• [Task details]: The answer is to be the lines below that lie between the line holding "CD Shop - GEISHAS OF DOOM FIRST 4 TAPES" and the line holding "Optical Imaging Systems", inclusive, transcribed exactly and free of pictures.

• [Given records]:
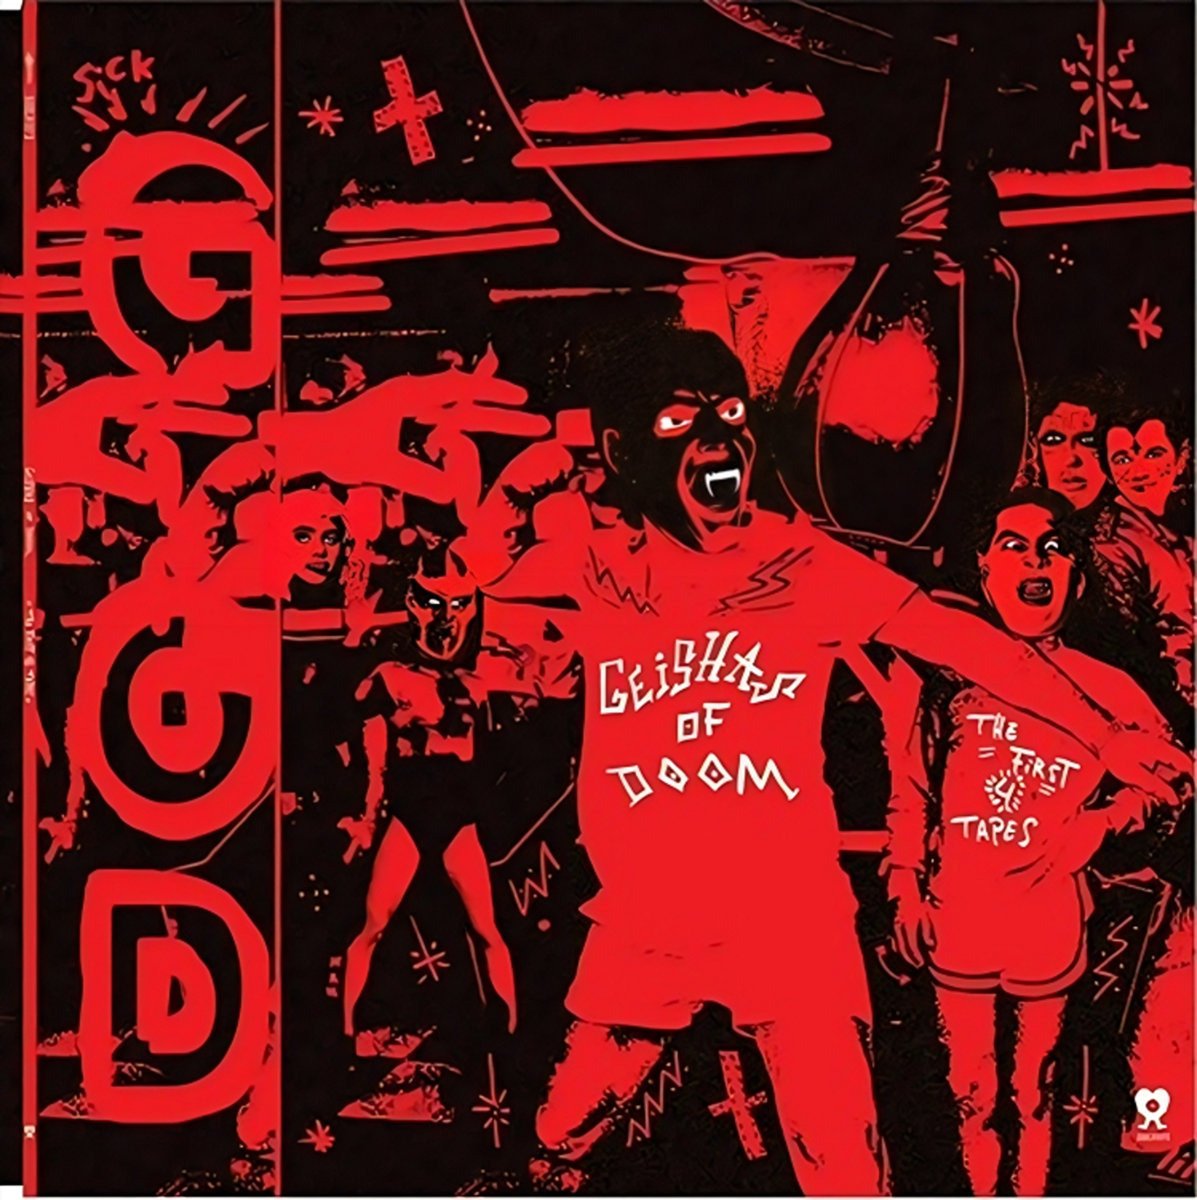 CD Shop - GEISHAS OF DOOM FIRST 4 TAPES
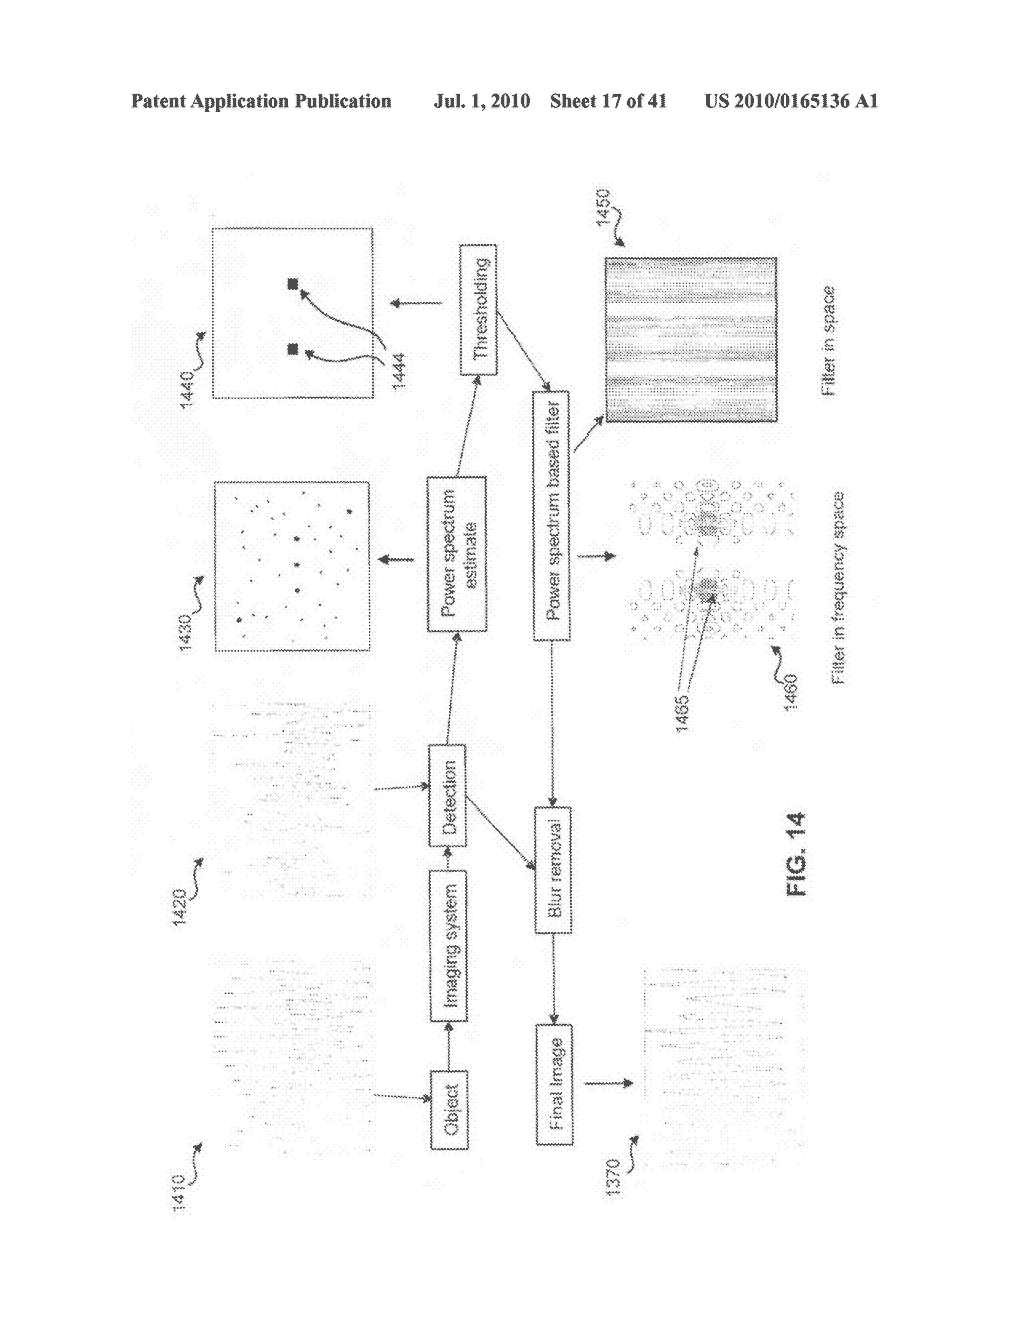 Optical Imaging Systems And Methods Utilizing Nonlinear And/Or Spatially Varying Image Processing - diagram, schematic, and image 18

* * *

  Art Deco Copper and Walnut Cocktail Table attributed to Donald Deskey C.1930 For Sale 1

• [Response]:
 CD Shop - GEISHAS OF DOOM FIRST 4 TAPES
 Optical Imaging Systems And Methods Utilizing Nonlinear And/Or Spatially Varying Image Processing - diagram, schematic, and image 18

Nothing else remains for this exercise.